By Sarah Bates
Downloading PDF. Please wait... Issue 2845

Hancock’s leaked messages show Tories have blood on their hands

The Tories have lied and scraped their way out of blame and accountability
Issue 2845
Tory Matt Hancock

Tories’ former health secretary Matt Hancock lied about Covid policies (Flickr/ Downing Street)

Tory lies about the handling of the Covid ­pandemic are unravelling at a rate of knots as further evidence emerges of how they sacrificed lives for political clout. The leaking of former health secretary Matt Hancock’s WhatsApp ­messages is damning.

They show he knew the “eat out to help out” scheme was driving up virus transmission. And he called to sack top scientist Jeremy Farrar for criticising government policy. The messages also show how Hancock didn’t prioritise the protection of vulnerable care home residents. 

England’s chief medical officer Chris Witty told the former health secretary on 8 April 2020 that there should be “testing going into care homes”. Since then, Hancock has claimed the government “absolutely did throw a protective ring around social care” during the first wave of the pandemic.

Yet his own texts show that he was only willing to test residents and workers if it didn’t impact on his promise to get 100,000 Covid tests processed every day. At the time Hancock was hanging his political reputation partly on the promise of mass testing.
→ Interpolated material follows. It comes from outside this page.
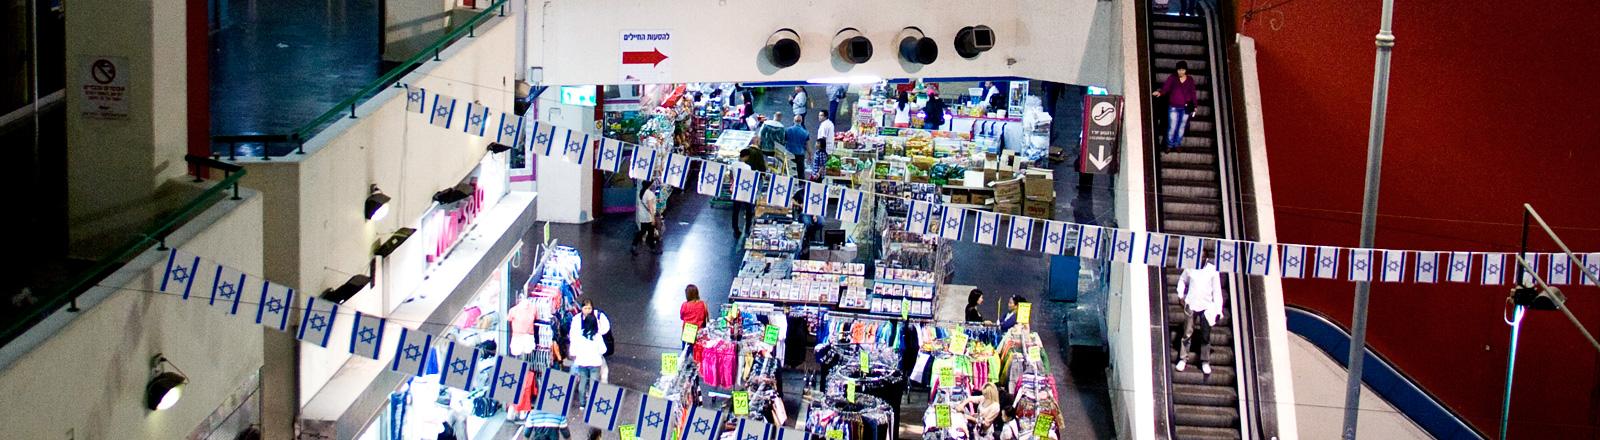 Blick auf Rolltreppen und Geschäfte
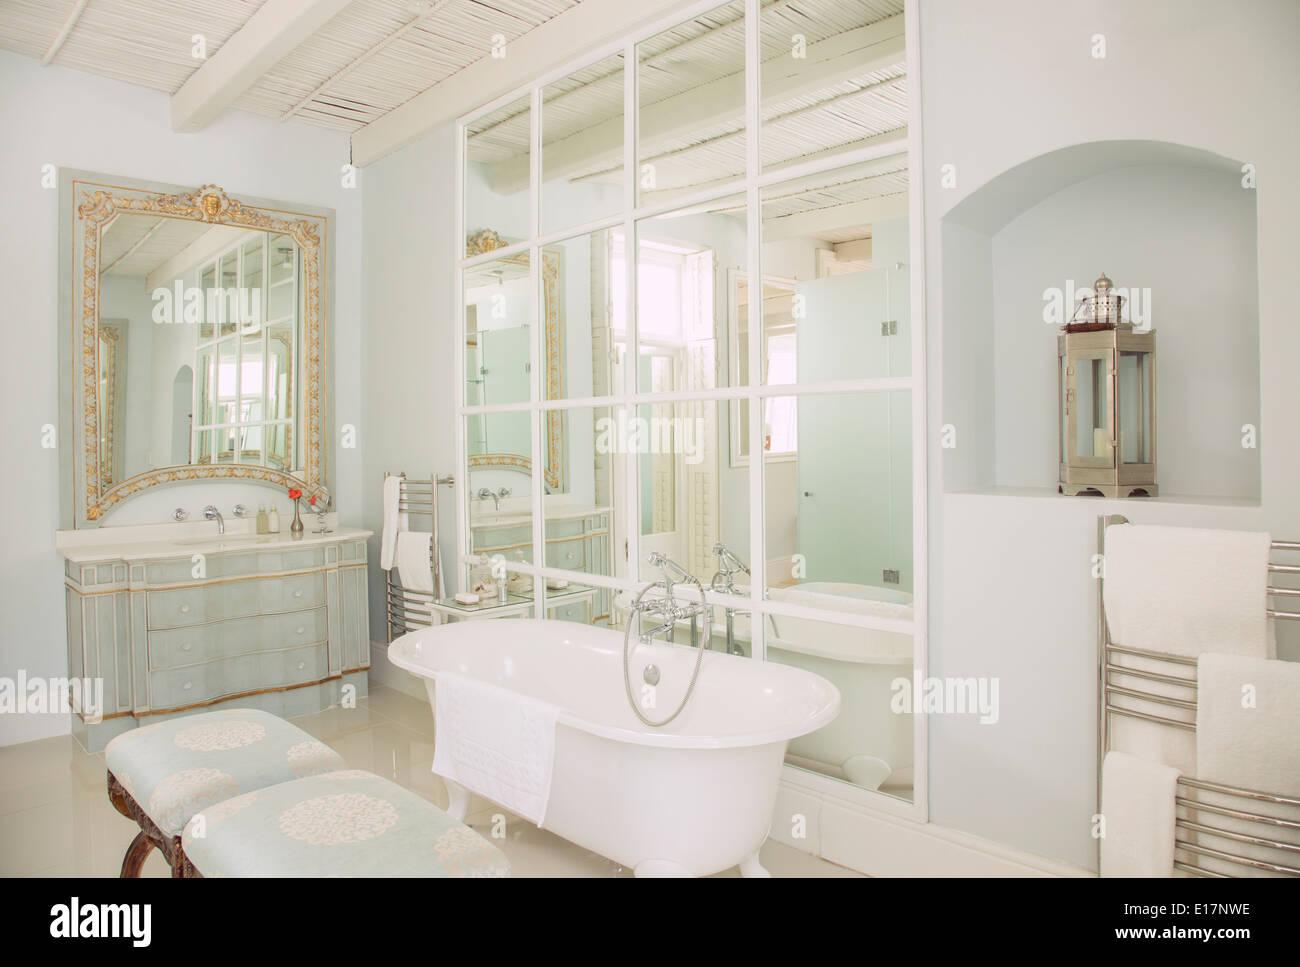 Luxury bathroom - Stock Image

David Garfield, from the Covid-19 Bereaved Families for Justice, said, “It’s a cacophony of bad decisions and political expediency over public health and safety. We have to make sure things like this never ever happen again.” At least 20,664 care home residents died from coronavirus in the first wave of the pandemic—from mid-March to mid-September 2020.

Yet it is not the only area of revelations about the ­government’s shameful approach to its own rules. At the same time as Hancock was telling aides he wanted to “frighten the pants off everyone”, the Tories were partying hard in Number 10.

The formal inquiry into whether former prime minister Boris Johnson misled the House of Commons over rulebreaking in Westminster during lockdown released its latest report last week. It said that “the evidence strongly suggests that breaches of guidance would have been obvious to Mr Johnson at the time he was at the gatherings”. 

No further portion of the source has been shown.